You can basically borrow the themes that they’re posting.
I like this autumn color theme that Alex has posted. I clicked on it to open the document and clicked the Copy icon.
I’ll be prompted to duplicate this and enter a name for it. I clicked on Save to save it to my personal document library.
One of the cool things about this is it will show you not just the colors that the designer used, but the way they got to it.
If you have a screen capture tool like Snagit, you can take a snapshot of the picture that the designer used to create this.
The one thing that is currently missing in Analyst Hub is an easy way to get these colors into a JSON file for your theme. Sam and his development team are working on this.
In the meantime, the Just Color Picker tool that I referred to in the wrangling video lets you easily put that into a JSON file. Let’s open this color picker, which we use to snap the colors right into the picker list.
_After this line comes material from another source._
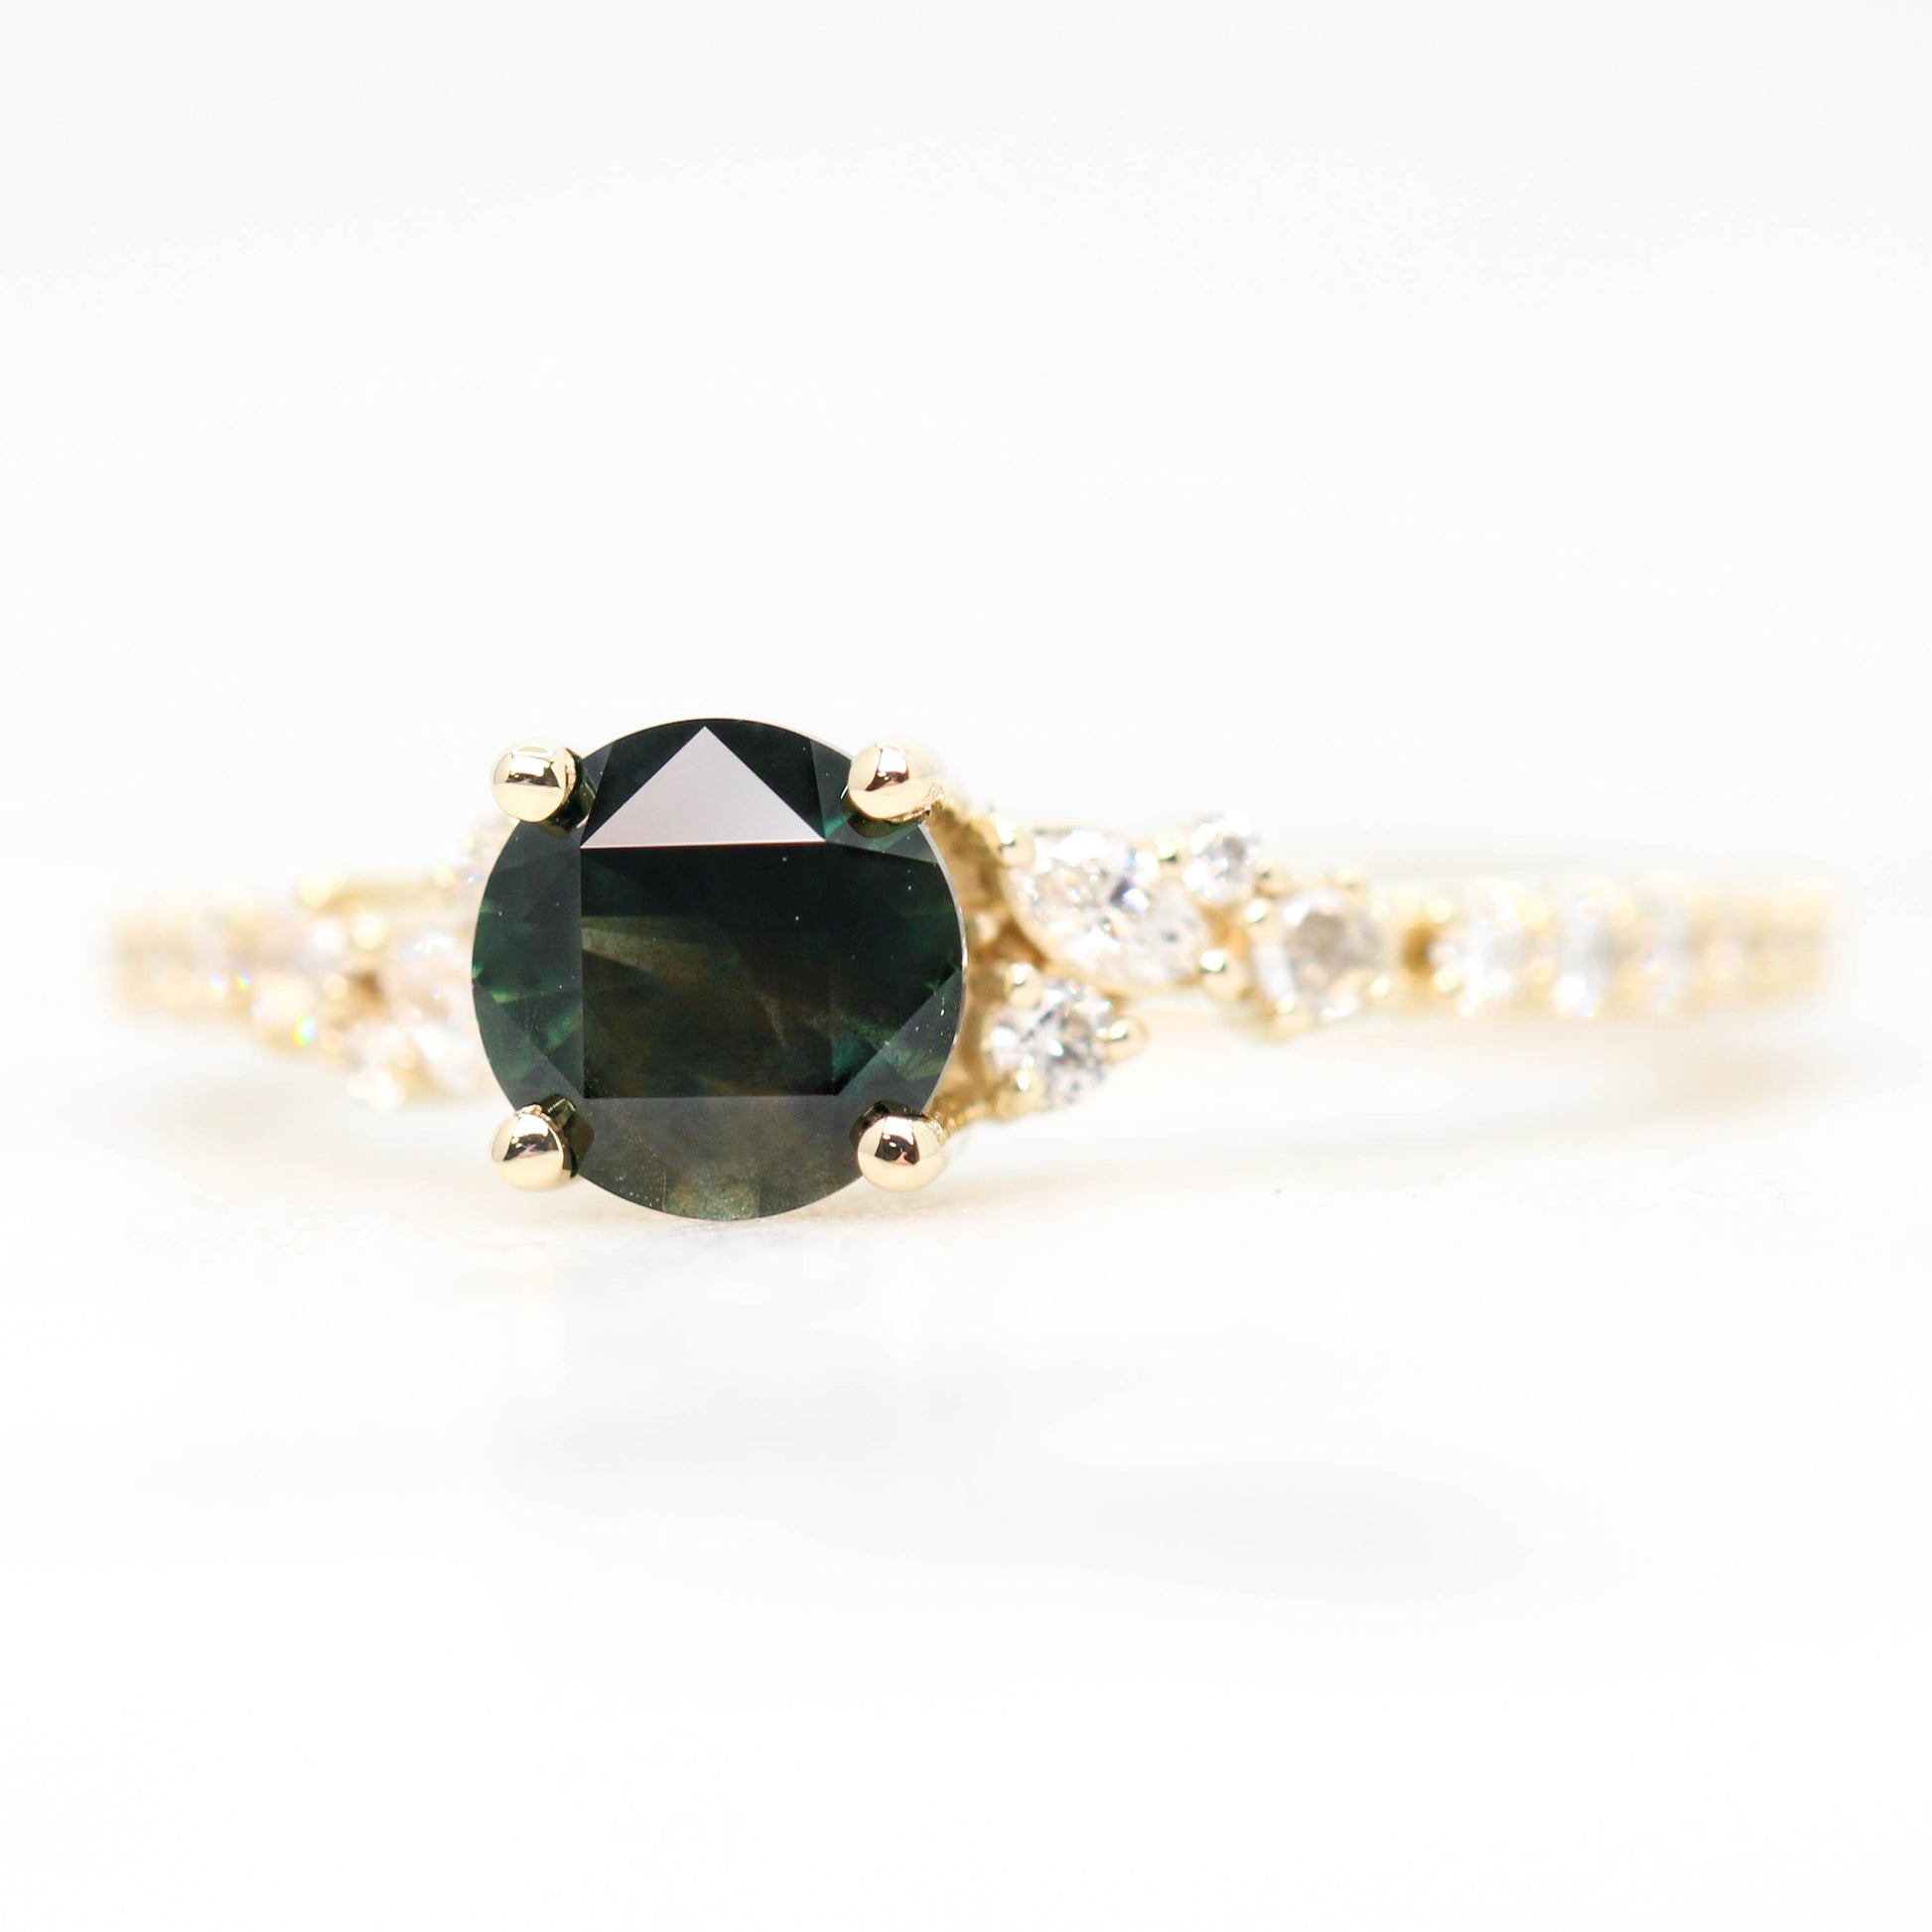 Elodie Ring with a 0.89 Carat Dark Green Unique Cut Sapphire and White Accent Diamonds in 14k Yellow Gold - Ready to Size and Ship - Midwinter Co. Alternative Bridal Rings and Modern Fine Jewelry

Once I have all the hex codes in the theme, I’ll close this up. This will automatically create a text file called jcpicker. If we go to the desktop, we can open that jcpicker file and see that the hex codes are not in the right format.
I used Control A, clicked on Edit, and Replace. Then I replaced the spaces with nothing.
I copied these codes and went back to the external tools menu in Power BI. Then I go to the Power BI Tips themes tool and enter the multiple hex codes.
Once I click on Add, I already have the palette from Alex’s autumn theme in there.
I think the palette looks great as it is, but if you want to add another color, you can choose one and click Add, and then it will be added to the palette.
We can already download this theme now, but we can go even further with this tool. If we click on Properties, you’ll see that this tool has a fully-fledged JSON editor. If we click on the bar chart, we can see all the properties for that bar chart.
We can set the legend color, the dimensions of the X and Y axis, and much more.
But for now, let’s go in and select our data colors. We’ll also turn on the title and select a background color for that.
And then we’ll change the font size and font. This is just to give you an idea of all the different dimensions you can change using this tool.
If we click on Download Theme, we’ll be asked to name this file.
Let’s put a name here, go back to Power BI, click on the View tab, and then browse themes.
We can pull up the theme that we just created out of the download directory.
We can see that it imports properly.
It uses white for one of the data colors, so we’ll need to change that.
You can see that we have the dimensions of the title that we created. This looks a lot better than what we had before.
We can go through the JSON editor and change all the dimensions in the Power BI Tips theme. So any bar chart we create in the course of this report is going to have those dimensions, which we can use across other reports as well.
The Analyst Hub is a great way for you to improve your design capabilities and to leverage the expertise of some of the best designers out there.